Open JDHarlingLee opened 5 years ago
Hi,
Did you have any chance to figure out this issue? I can't find any explanation about what these variations are from anywhere. I compared the sequences between some of the genes from my Roary result and their variations using local BLAST, and some of them are quite similar to their variations (>98% identity) while there are also ones that are different (no hits). So it's a mystery for now unless the developers answer the question but it seems they have been away from Roary as I can see there are many questions that are not answered for a couple of years.
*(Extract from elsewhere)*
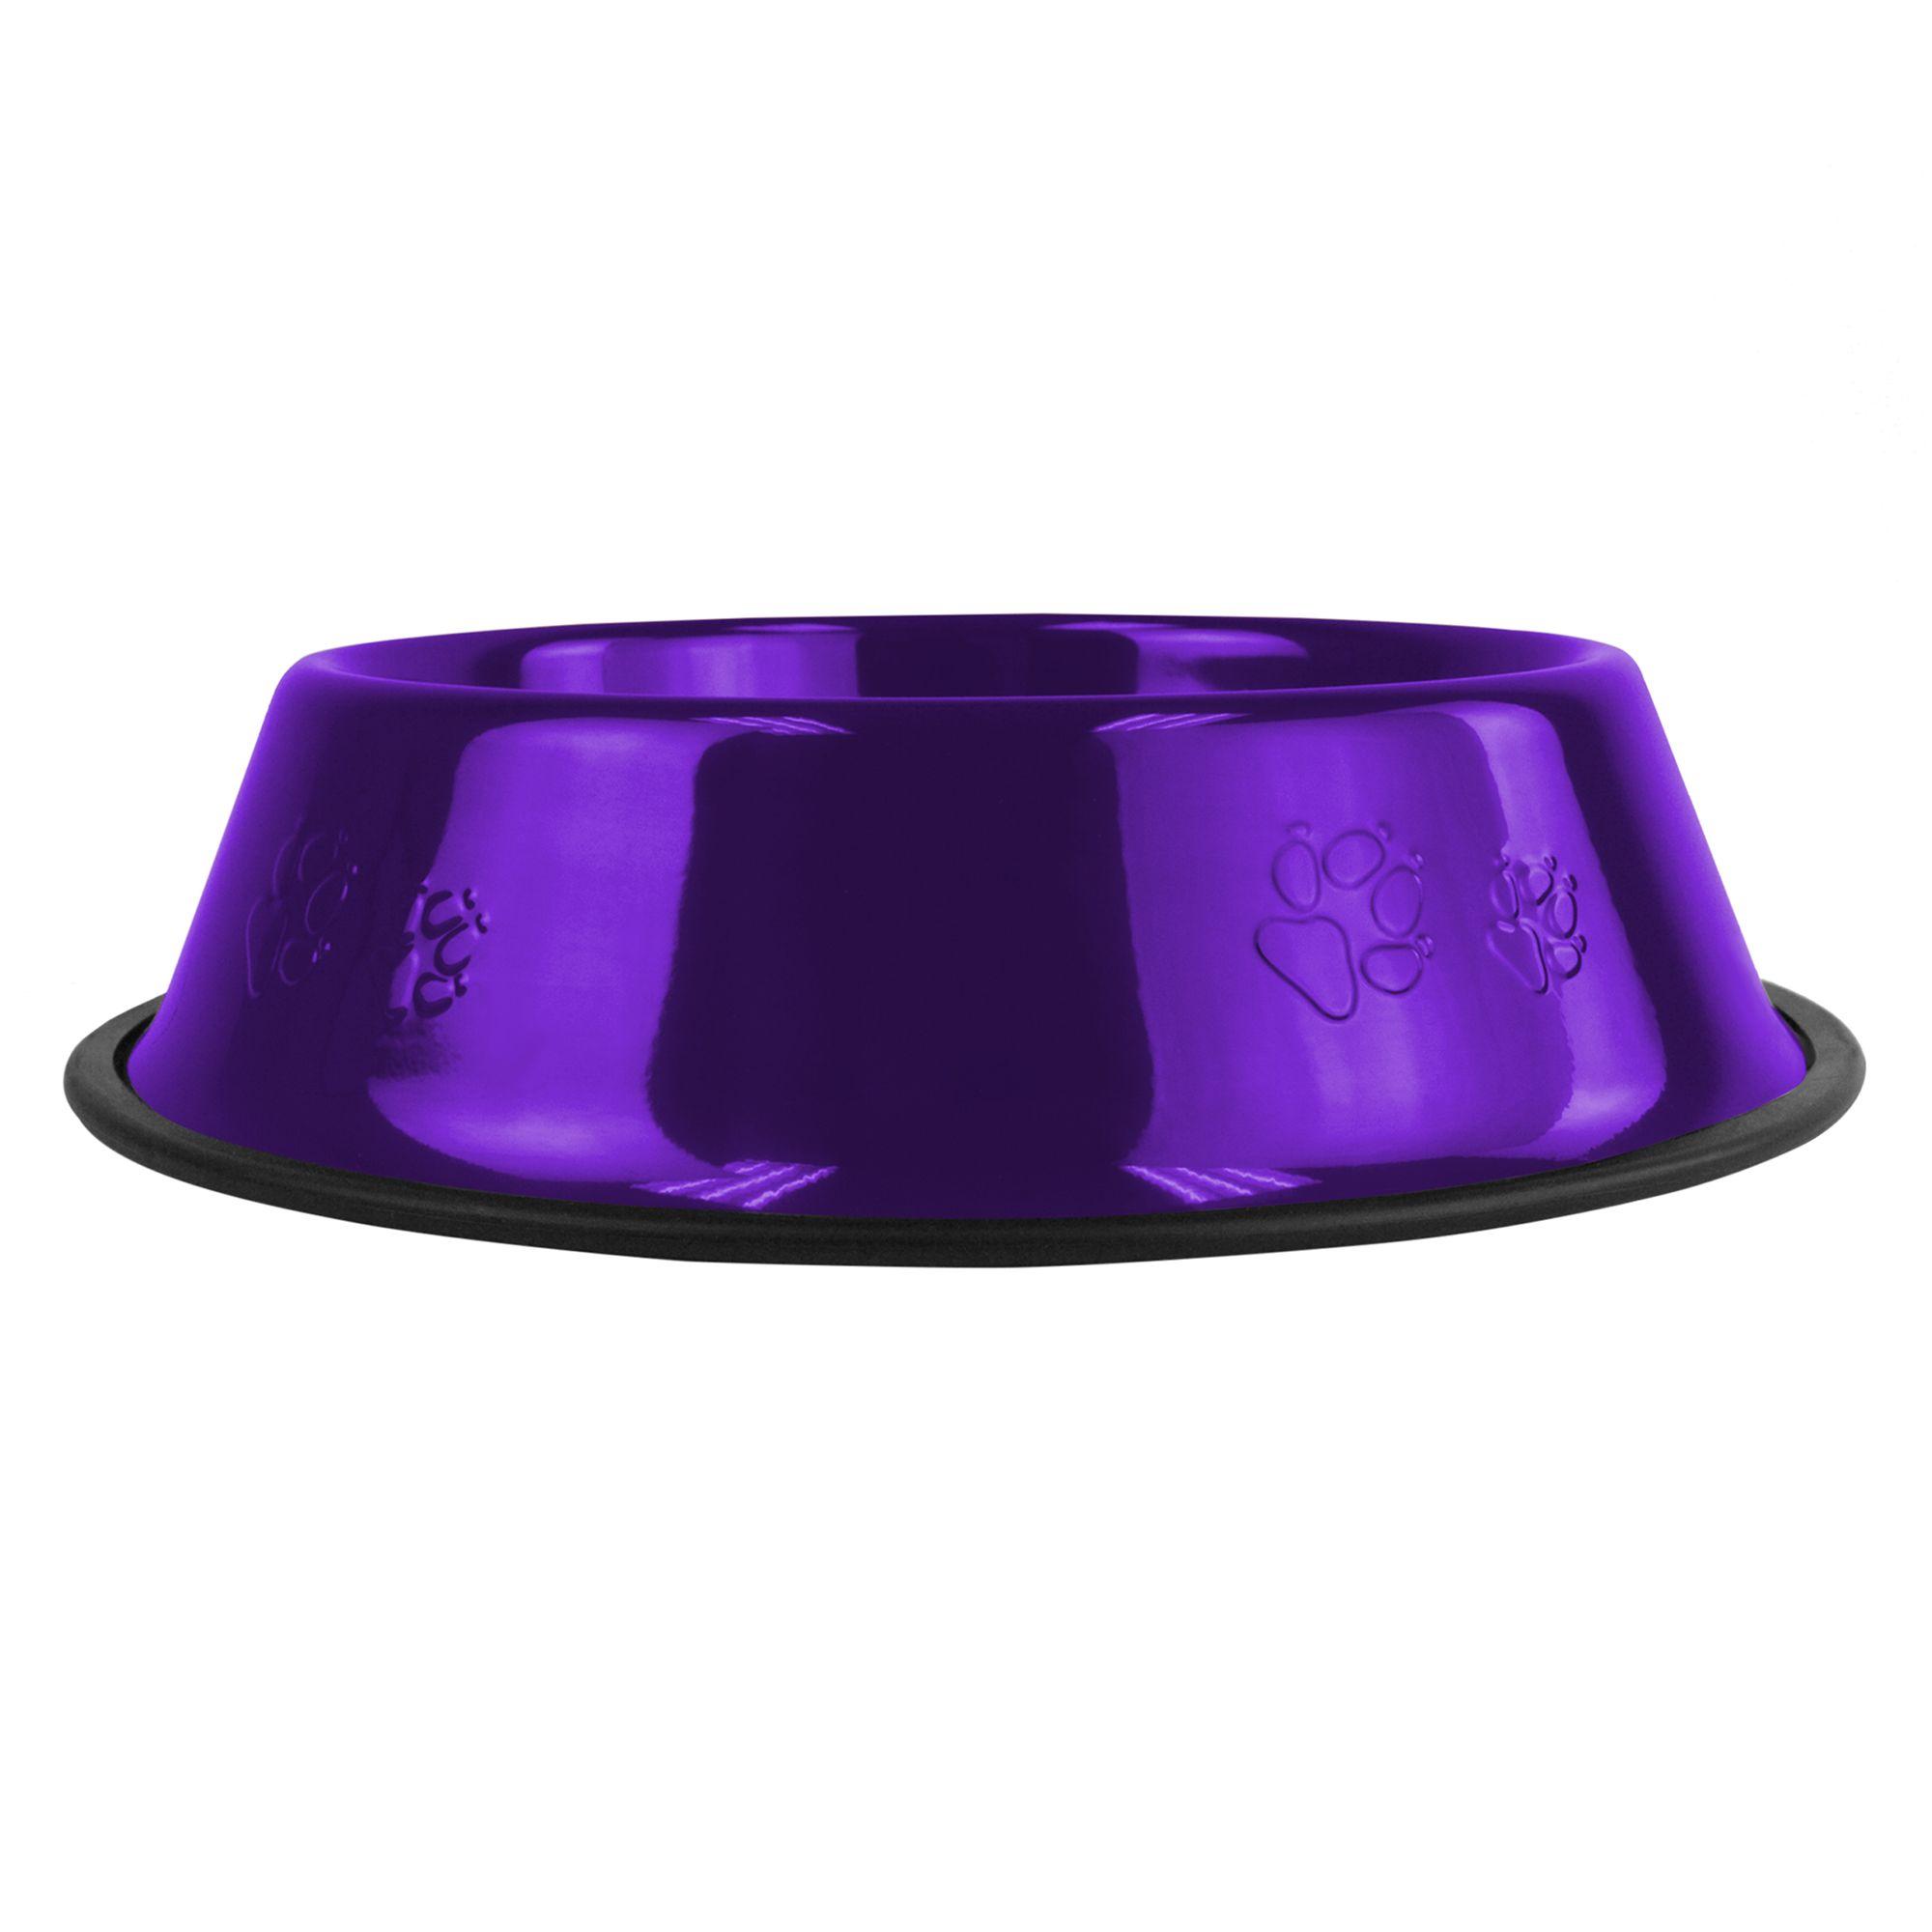 Platinum Pets Non-Tip Dog Bowl size: 80 Oz, Electric Purple 5179280

I think this is related to paralogs and synteny. Any gen that is named with an underscore will be a paralog (or technically an ortholog) splitted in another COG (each COG named as _1, _2, etc) due to synteny. You can found out more here: https://github.com/sanger-pathogens/Roary/issues/357#issuecomment-361881353
@djung0928 Time ago developers decide to move from Roary to the new tool Panaroo (https://github.com/gtonkinhill/panaroo) and this is why you will find this message "PLEASE NOTE: we currently do not have the resources to provide support for Roary, so please do not expect a reply if you flag any issue" in the README section.
Hi,
Quick query on how Roary assigns names to each cluster. I notice that in my analysis (default settings), I get a number of clusters named as the same gene in slight variations - e.g. 'mecA', 'mecA_1', 'group628' (mecA), 'group629' (mecA_1). I understand the splitting paralogs function (which is a very useful tool!), but don't quite understand the difference between, say, mecA_1 and group628 (mecA), as to why one as been assigned the underscore, and another the 'group' and then a non-unique name.
Any advice/information anyone can give would be much appreciated. Many thanks.